Oye Cómo Va

March 18, 2018

If you happen to walk past the quiet Convent Avenue at the intersection with 131st Street on certain afternoons, you may hear, through the thick walls of a building that once used to be a convent, the unmistakable sound of an orchestra at work. It is the sound of the Mott Hall School orchestra.

But don’t let the thickness of those walls fool you. The Mott Hall, a public middle school located at the heart of West Harlem, adjacent to the City College campus, has a strong bond with the community it belongs to and fosters community partnerships as a way to enrich the education of its student body. “This is a school without walls,” stresses Judith De Los Santos-Peña, the school principal since 2015.

Since 1985, the Mott Hall has been providing rigorous instruction to high-achieving students, mostly from Harlem and Northern Manhattan. Admission to the school is competitive and it includes an exam and an interview. Even though the school is famed for its focus on STEM (Science, Technology, Engineering, Mathematics), De Los Santos-Peña is committed to making the arts a key element of the school curriculum.

“The children see themselves as mathematicians and scientists. We want them to also see themselves as artists,” said De Los Santos-Peña, noting that The Mott Hall is transitioning from STEM to STEAM school, the initial for “Art” added to the acronym. She firmly believes that enrichment is done collectively and is only possible through partnerships with other organizations.

One such organization, the Multicultural Music Group (MMG), is a not-for-profit that has been a partner to the Mott Hall School for almost fifteen years. The MMG is responsible for the music that fills in the school corridors and beyond, on Tuesday and Friday afternoons.
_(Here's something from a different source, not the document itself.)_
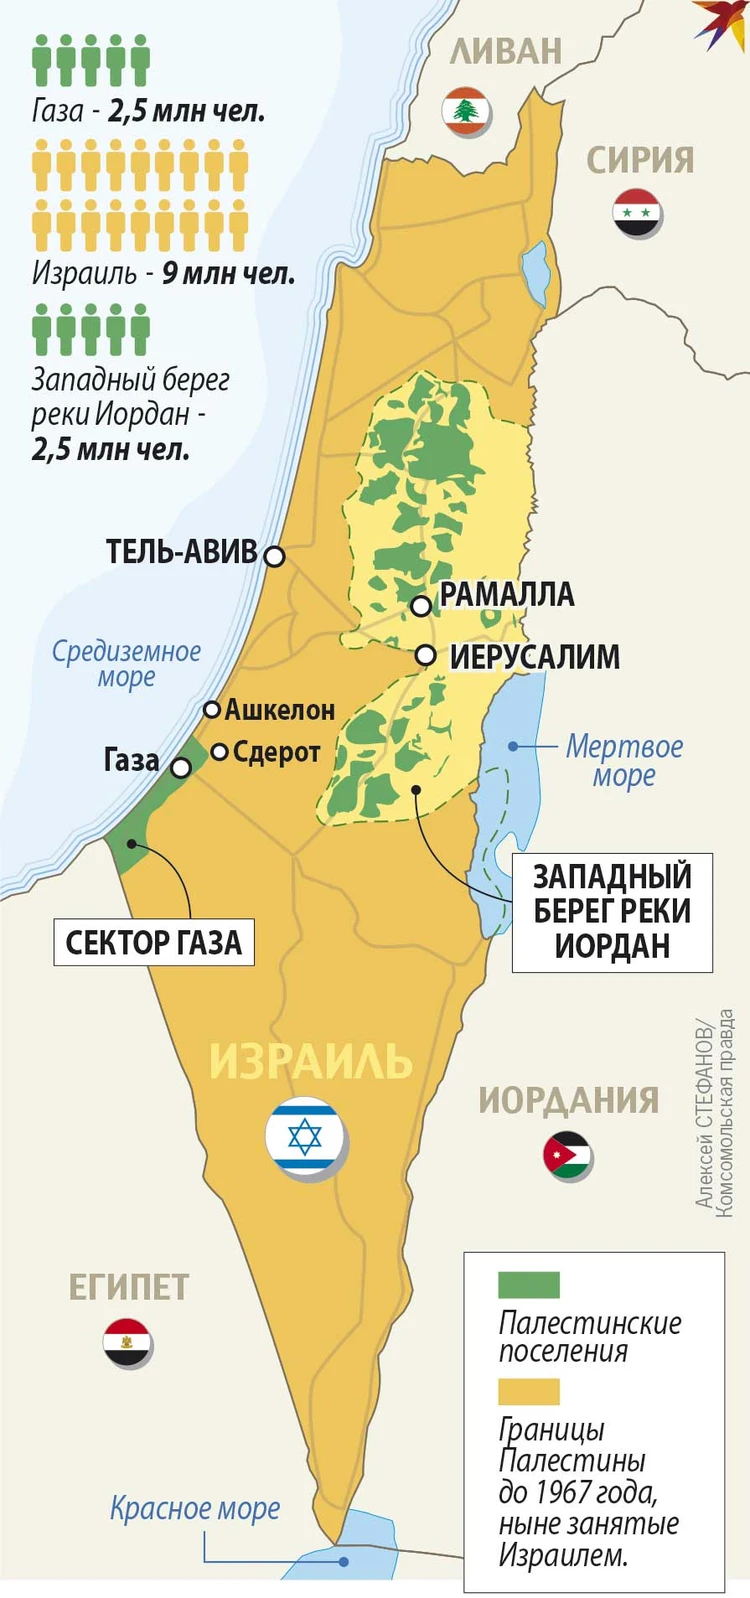 Палестина и Израиль на карте, история конфликта - KP.RU
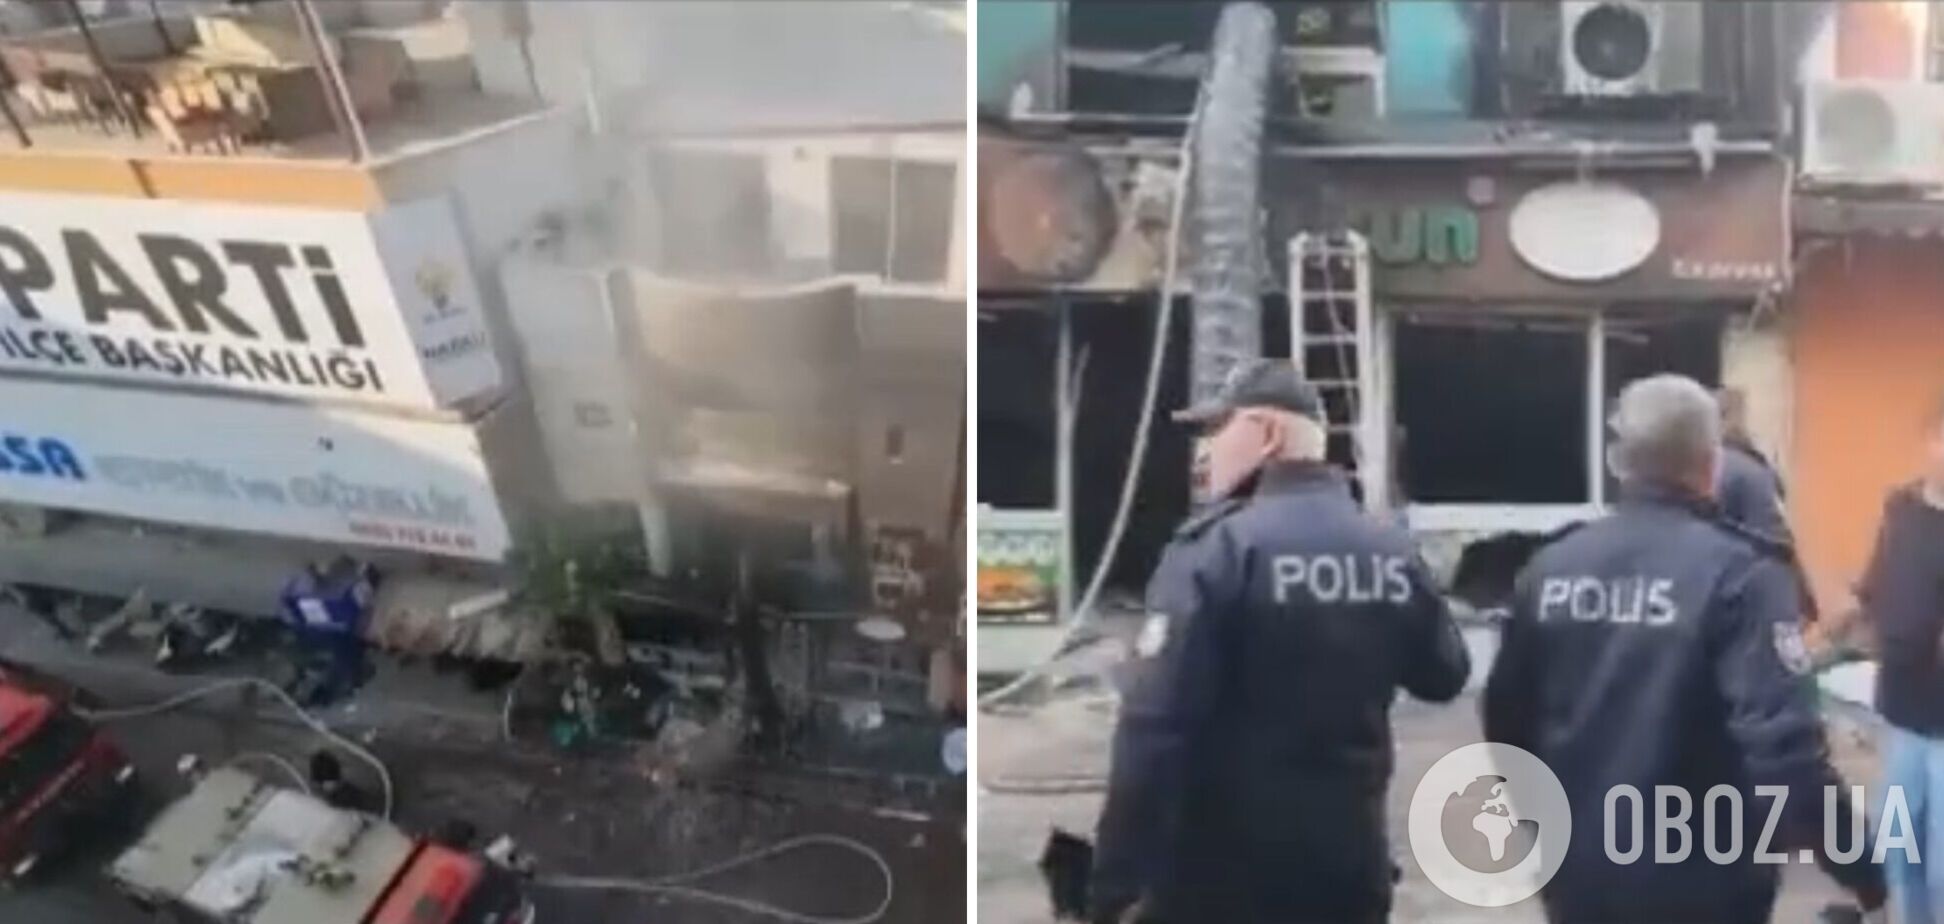 В турецком городе Айдын прогремел взрыв в ресторане: известно о семи погибших. Фото и видео

Luis Mojica, the executive director of the MMG, founded the organization in 1996, as a response to the need of multicultural representation in school music programs. MMG seeks to connect the ethnical and culturally diverse students of New York City public schools with their musical and historical roots.

The partnership between MMG and the Mott Hall is going well and growing. Today, the school band has 25 children, 5 woodwinds, 5 brass, 10 strings, and 5 percussions. For each group of instruments, there is an instructor that works closely with the players.


Jim Piela, a saxophonist, is one of the instructors that twice a week helps the band members at the Mott Hall hone their music skills.

Piela moved to New York to pursue a career as a jazz musician. Determination has paid off for the 32-year-old Wisconsin-native. Piela, besides working with the MMG, is a member of several jazz music groups, and plays a variety of rhythms, at venues all over his adoptive city. “I have been a professional musician for over a decade,” he says proudly.

28-year-old Timofei “Timo” Rosales is an alumnus of the MMG after-school program and a cello player. Through his mother, who is also a musician, he joined the group first as a high school student, and some years later as an instructor. Today, and for the past two years, Rosales is the director of the Mott Hall orchestra. He is elated at the children’s feedback. “Kids like the interactions with other students and making music together,” he says.

Guided by a dedicated group of adult musicians, the true stars of the after-school Mott Hall orchestra are the kids in the band. Among them is Daniela Toribio, a 12-year-old, now in her second year as a member of the band. The 7th grader got her motivation to join the band from her father, an immigrant from the Dominican Republic, who plays percussion. Following on her father’s footsteps, she plays the congas with the band. And she loves every bit of it.

Daniela says that music reflects one’s mood and recognizes that, in order to get the right sound, the artist needs to be inspired and full of positive energy. “If you feel like, I got this, it sounds good,” she says with a wide smile on her face.

Aali Garcia, a 13-year-old, plays the alto saxophone in the band. A jazz lover, Aali says that the after-school music program granted her an opportunity that she had not had before. “And you get to choose your instrument,” she rejoices.

The group of adults that works with these young musicians has nothing but words of praise toward the band members. Delca Ortiz, the coordinator of programs and bilingual guidance counselor at the Mott Hall, says that the children at the school in general, and the kids in the band in particular are truly special.

“The children have enthusiasm for the arts like you don’t see in other places,” insists Ortiz, who has come out of retirement to join the Mott Hall in her current role.

Instructor Piela couldn’t agree more.

“They [the children] are extremely easy to work with. Hopefully, we are inspiring them to do their best and be curious about music,” he says.


On March 27th, from 7 through 9 pm, the band will perform -free of charge- at Aaron Davis Hall, 115 Convent Avenue, in Harlem. The show, The Latin American Diaspora Experience, will showcase symphonic orchestrations related to the culture and people of the major Latino groups in the United States.